I am trying to work with the non ideal model of the op amp and solve for the dc output voltage in terms of the bias currents while ignoring input offset voltage using the following schematic
simulate this circuit – Schematic created using CircuitLab
Using superposition I control IB1, and get that I1=IB1+\$\frac{Vodc1}{R2}\$ where IB1=\$\frac{Vodc1}{R1}\$, but I can't quite get the entire output voltage in terms of IB1.
Also, when I solve for the second current source IB2, I get the situation where there is a current source from ground to ground, which means no current, and therefore IB2=0, so I2=\$\frac{Vodc2}{R2}\$
It seems like I'm missing something here because my resultant d.c voltage is
R2(I1-IB1+I2), which isn't really entirely expressed in terms of biased currents like I wanted it to be.
What am I missing here?
Best Answer
When taking into account bias current, you still have an ideal op-amp model in there.
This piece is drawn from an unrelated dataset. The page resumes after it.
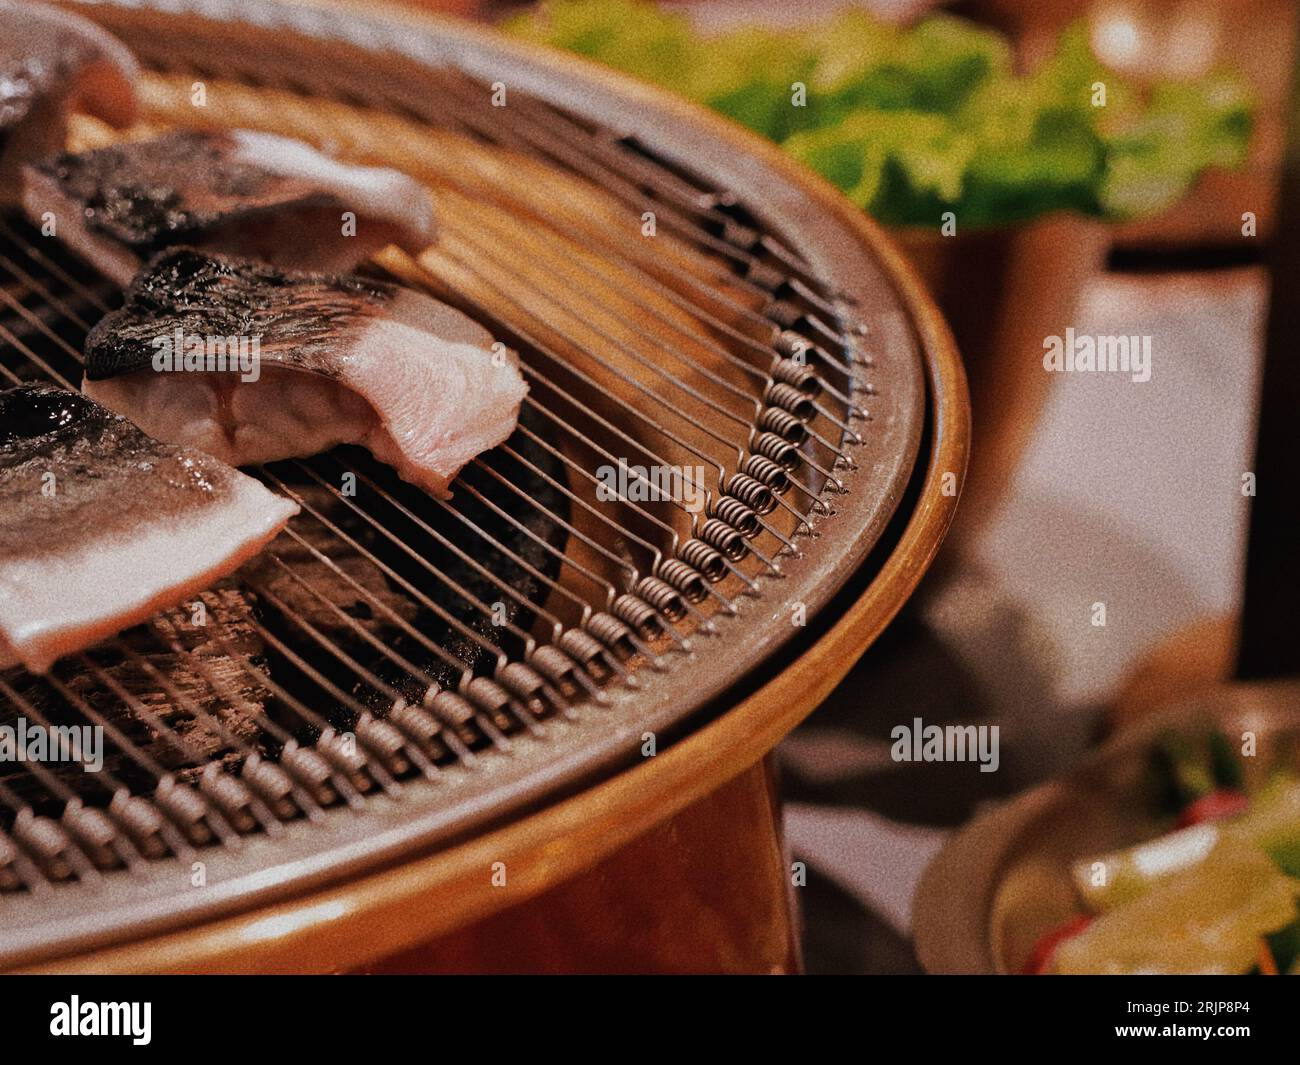 A barbecue grill full of sizzling meats with a blurred background Stock Photo

So \$V^+ = V^- = 0\$ (since you have negative feedback), and the inputs to the ideal op-amp still have 0 current flowing into them.
Writing the various KCL equations for the \$V^+\$ and \$V_{odc}\$ nodes:
\begin{gather} I_1 = I_{B1}\\ I_1 + I_2 = I_{out} \end{gather}
Substituting in Ohm's law:
\begin{gather} \frac{V_{odc}}{R_1} = I_{B1}\\ \frac{V_{odc}}{R_1} + \frac{V_{odc}}{R_2} = I_{out} \end{gather}
Ignoring the second equation (because it doesn't matter for what you want to find), we can easily find that: \begin{gather} \boxed{V_{odc} = R_1 I_{B1}} \end{gather}
\$I_{B2}\$ cannot be solved for, it can have any arbitrary value. The only thing you can say is it has zero volts across it.